Block N-1 has word N-1

Now Block 0 is the LRU block, and Block 0 will be replaced by the next location causing miss.

Memory access sequence: N, 0, 1, 2 ,3, 4

Accessing word N will cause replacing word 0 by word N

Accessing word 0 will cause replacing word 1 by word 0

…….

-à Hit Rate = 0.

4. (a) (20%) Consider the following program

integer A[1000]

for ( i=0; i < 1000; i +=1)

{ A[i] = A[i] + i}

Run the above program on a processor with a 1K byte direct-mapped write-back cache with 4-word cache blocks. What is the approximate data cache miss rate?

assuming integers are 1 word long and a word has 4 bytes.

Each block has 4 words and each word has 4 bytes. 1K bytes à 1024/16 = 64 blocks

Block 0 has word 0 – word 3, i.e., A[0] – A[3]

Block 1 has word 4 – word 7, i.e., A[4] – A[7]

……

Block 63 has word 996 – word 999, i.e., A[996] – A[999]

Each miss brings the whole block to the cache, the next 3 memory accesses will be hit.

Altogether there are 250 misses (caused by accessing A[0], A[4], A[8], … , A[996])

The program reads 1000 times and writes 1000 times. Miss rate = 250/2000 = 12.5%

4. (b) (5%) For the same problem in 4. (a), if change the cache write policy to write through cache, will the cache miss rate increase or decrease? Explain

Cache miss rate: no change. Write through policy will not change the cache miss rate because write through policy does not alter cache data in any way to change the cache miss rate.

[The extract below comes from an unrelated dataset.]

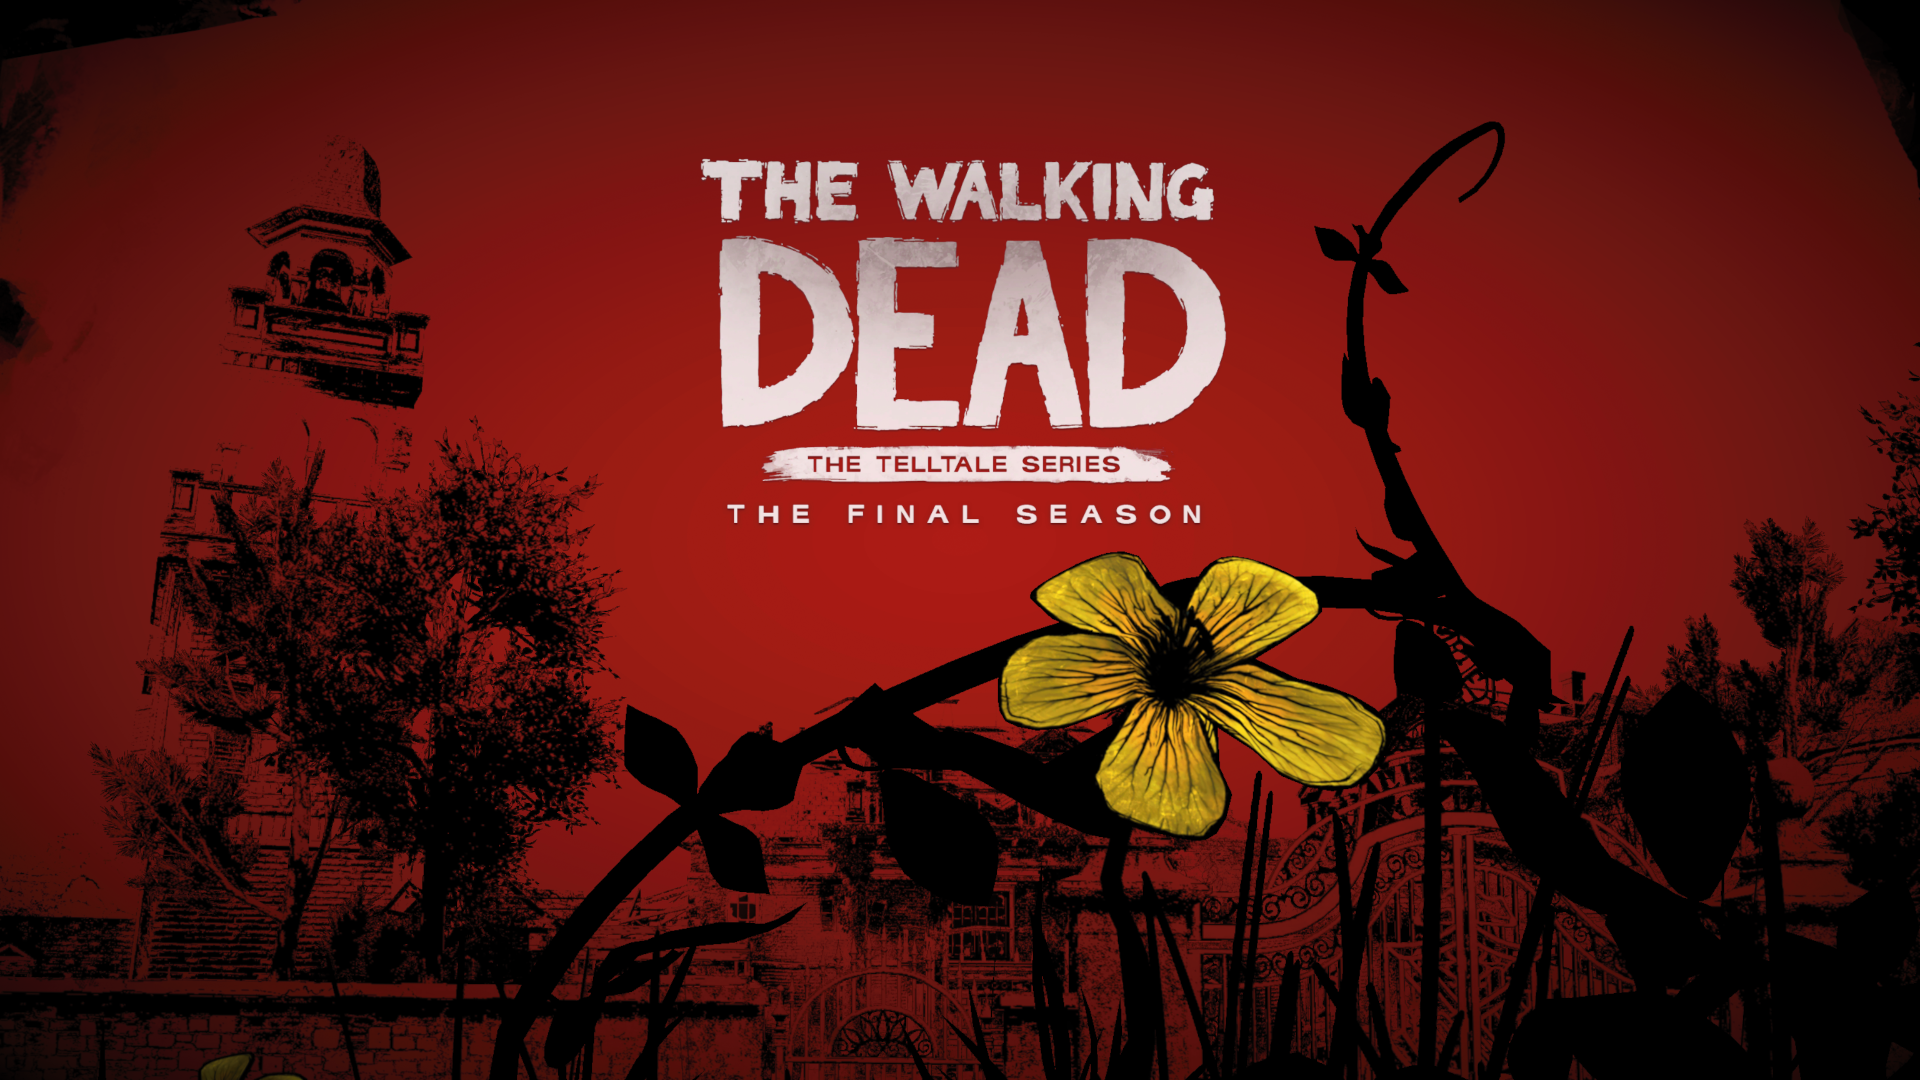 The Walking Dead - The Final Season Episode 1 Review #5

5. (10%) Given the following information: 32-bit virtual memory address, 8-KB pages, 64-MB physical memory, 128 entry direct-mapped TLB with one physical page number per entry, each TLB has a valid bit and a dirty bit. Determine the TLB entry size in bits if you only use the minimum necessary physical address size.

(Show all your work)

64MB physical memory ---à needs 26 bits for physical memory address.

Each page has 8KB ---à 13 bits, i.e., page offset for 8KB page is 13 bits.

26 – 13 = 13 bits ---à physical page number is 13 bits wide.

Virtual memory address has 32 bits, 32 – 13 = 19 bits (All 19 bits will be used as virtual page number if TLB is fully associative)

Now TLB is 128 entry direct-mapped TLB. It needs 7 bits for TLB indexing.

19 – 7 = 12 Tag bits, or say TLB Tag.

Each TLB entry will have 12 bits TLB tag + 13 bits physical page number = 25 bit.

Ans: 25 bits excluding valid bit, dirty bit.